For this world-renowned graphic artist easily fascinates his fans through mind puzzles and questions of relativity and infinity, creating more of an experience than an exhibit.

“Are you really sure that floor can’t also be a ceiling?” Escher once asked, leading his audience through a metamorphosis of higher understanding.

That guiding light comes in handy while viewing the exhibit. Getting lost in Escher’s works is almost inevitable, as the expanse of his detail is mind-boggling. Tracking staircases into oblivion, and following tessellations as they turn from fish to bird and back again, one could spend the better part of an hour with a single print.

The exhibit is on loan from the Herakleidon Museum and features 130 original prints and pieces from the extensive collection housed there. Through May 29, the Akron Art Museum offers patrons a glimpse of the thought processes of this enigmatic artist, as well as rarely seen originals.

Escher’s works are testament to the fact that printmaking requires a much different artistic methodology than painting or drawing: The image must be almost entirely conceived in the mind of the artist and then etched out of stone or wood block in painstaking, measured detail. With no “Undo” or “Erase” button so prevalent in today’s computer-aided design, Escher, who died in 1972 at age 74, was truly a pioneer in graphic arts. As a visual learner with no formal mathematical training, his ability to conceive precise patterns was largely, and impressively, intuitive.

The artist began his career drawing landscapes of the Italian countryside. “Actually,” says Rudolph, “nearly half his artistic outputs are landscape drawings, which are hardly ever seen or even noted.”

During Escher’s lifetime, his most recognizable works repeatedly slipped in and out of fashion. Stylistically, he stood alone, translating his love of the pastoral into the neat and ordered black and white sequence of his prints.

Escher produced work in the modern-art era, but wasn’t interested in the abstract.

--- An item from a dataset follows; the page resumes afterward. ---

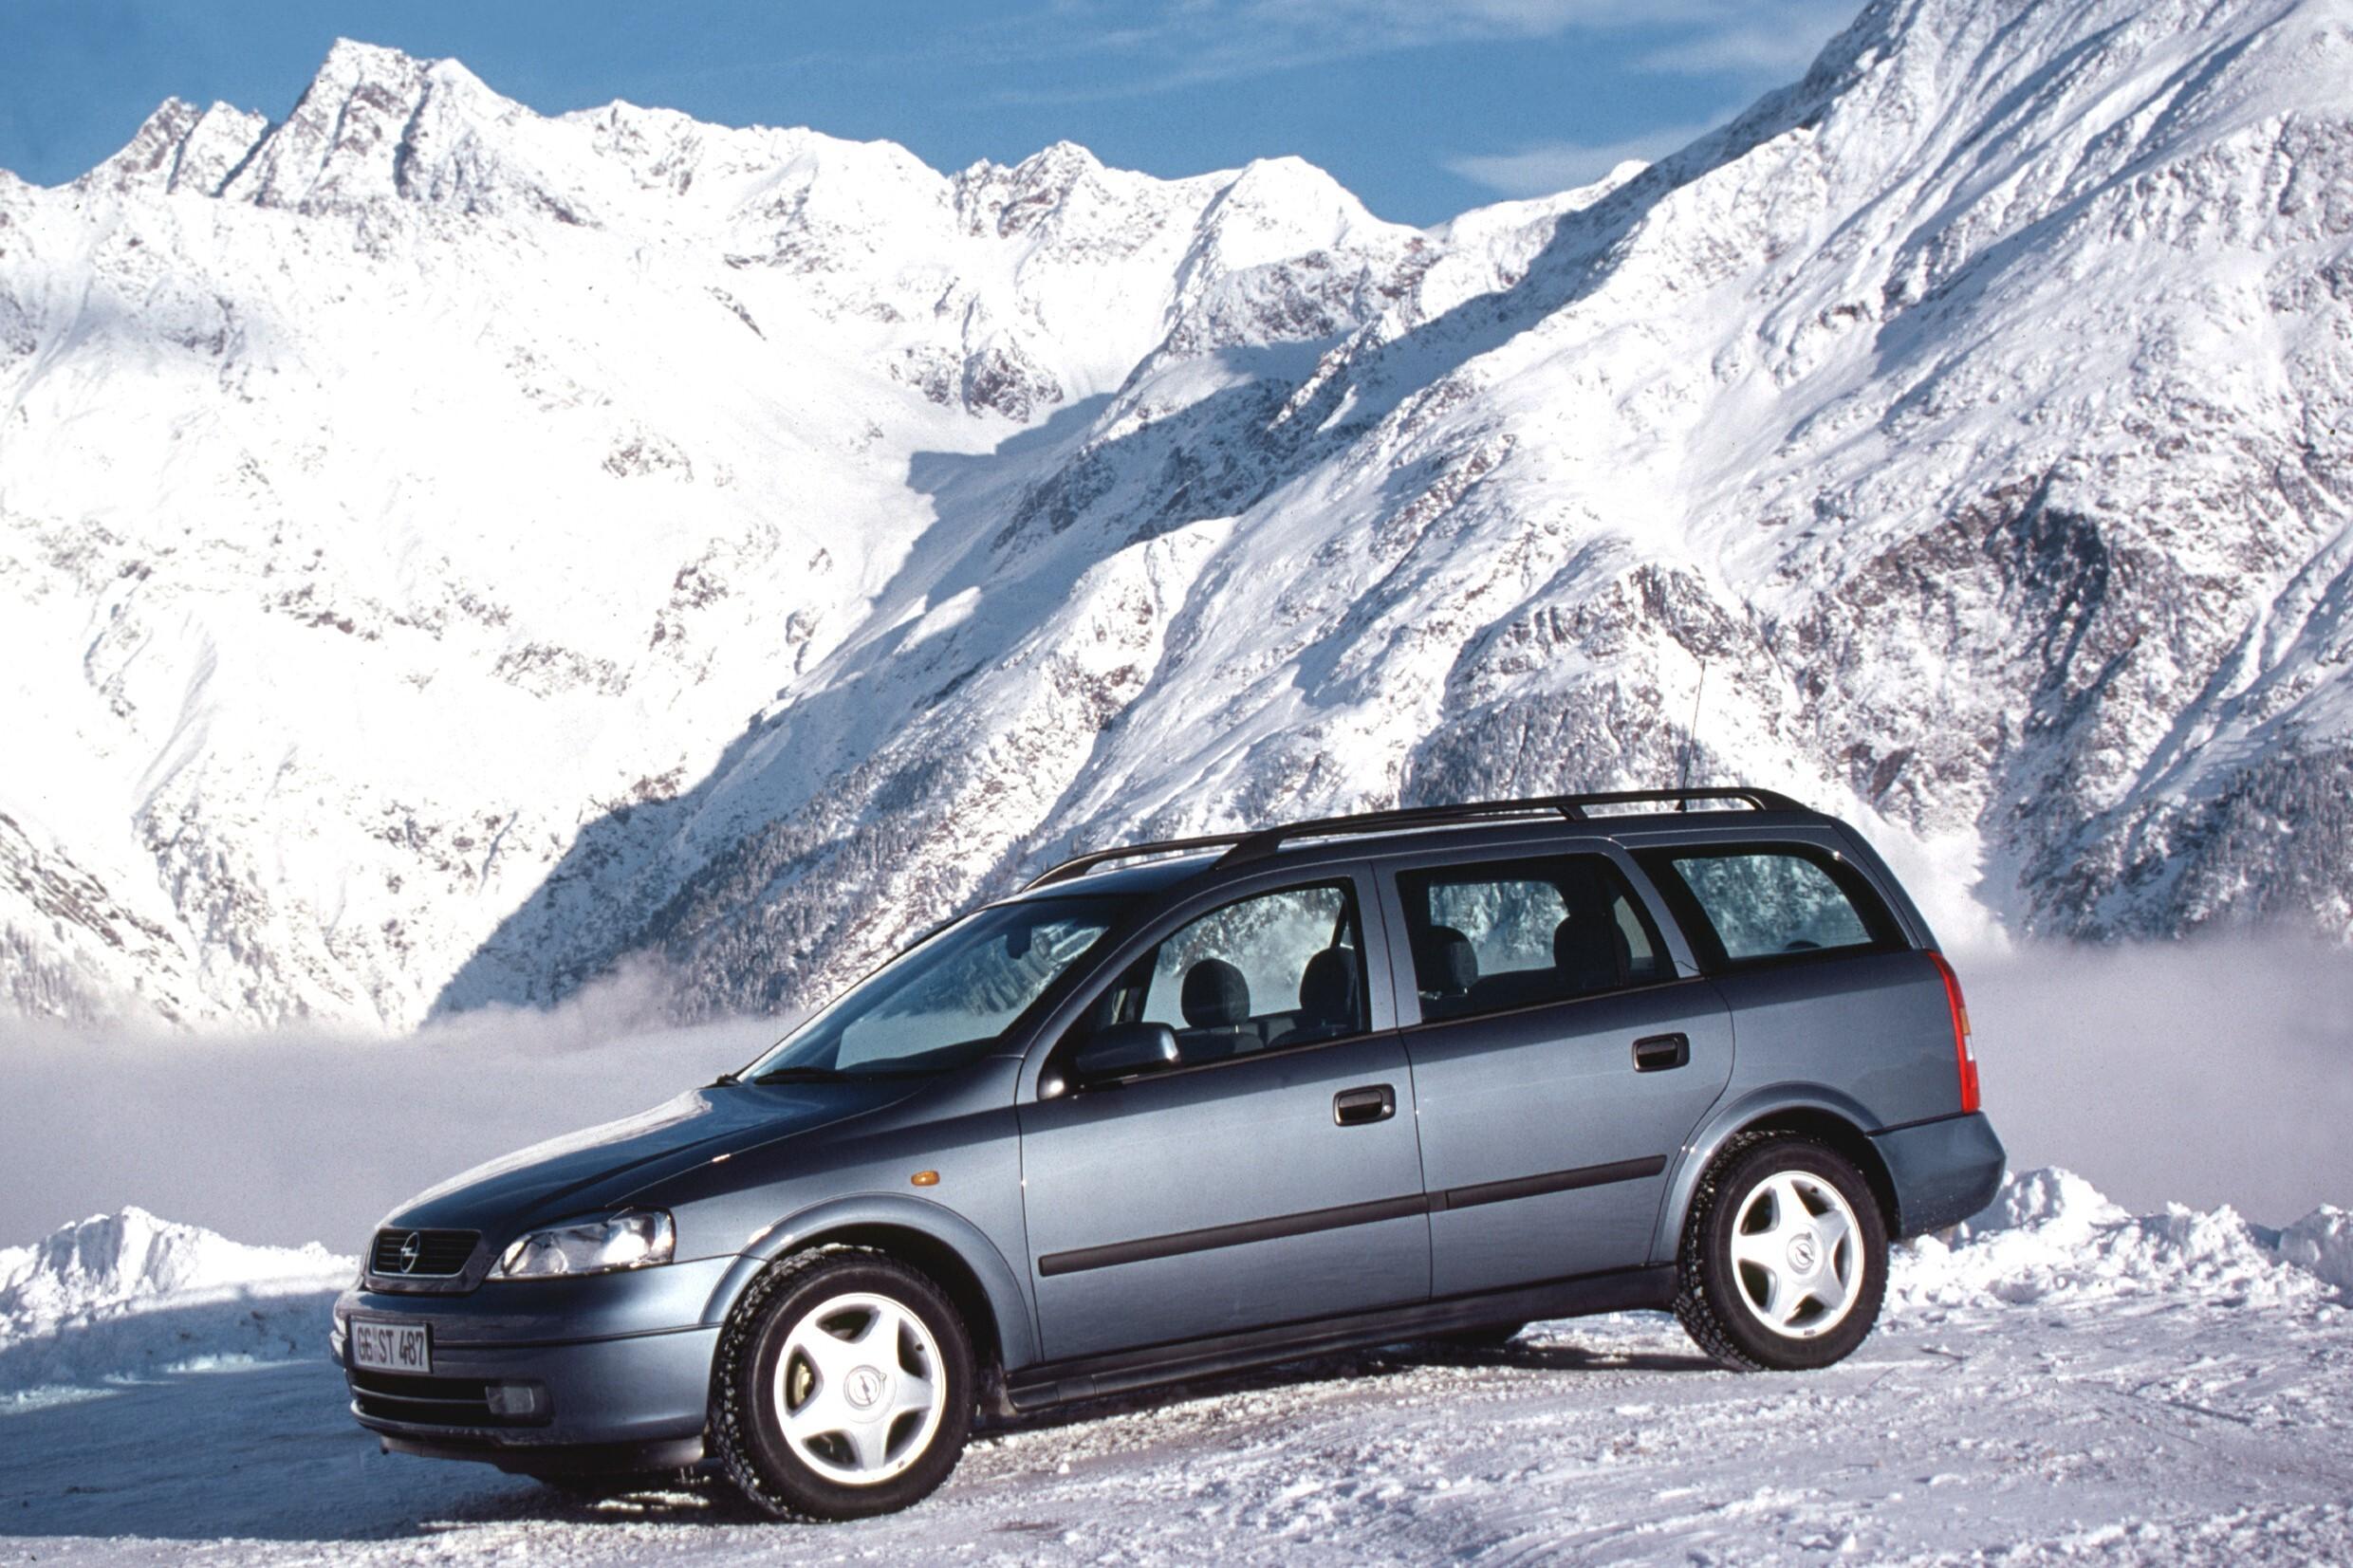 Джи караван. Opel Astra g 1998 универсал. Opel Astra Caravan 1998. Opel Astra универсал 1998. Opel Astra g Caravan.

Instead, as his world grew increasingly unpredictable, he turned inward for order and tried to create a method to its madness.

“He was interested in portraying the cycles of life through his patterns and tessellations as well as perhaps trying to impose order in a world of chaos,” Rudolph suggests, citing both the world wars Escher lived through and the atrocities he witnessed as influence.

Not only does the exhibit display some of Escher’s most famous pieces, including “Drawing Hands” and the remarkable spirals which take human form in “Bond of Union,” it showcases the ingenuity of the artist himself. Highlights include conceptual ideas mapped out on graph paper with notes penciled in the corners and multiple studies of the same print. The exhibit also spotlights never-before-seen 3-D models of Escher’s “impossible buildings,” including the famous “Belvedere,” and patrons are invited to look through a vantage point in which the illusion becomes whole.

While some art critics argue that Escher is an intellectual rather than a true artist, categorizing him seems futile. His work is art and beyond. It is a mathematical equation, a science of precision, an awesome visual puzzle meant to question relativity. It is the aesthetic value of the spatial illusions that makes his art a modern classic.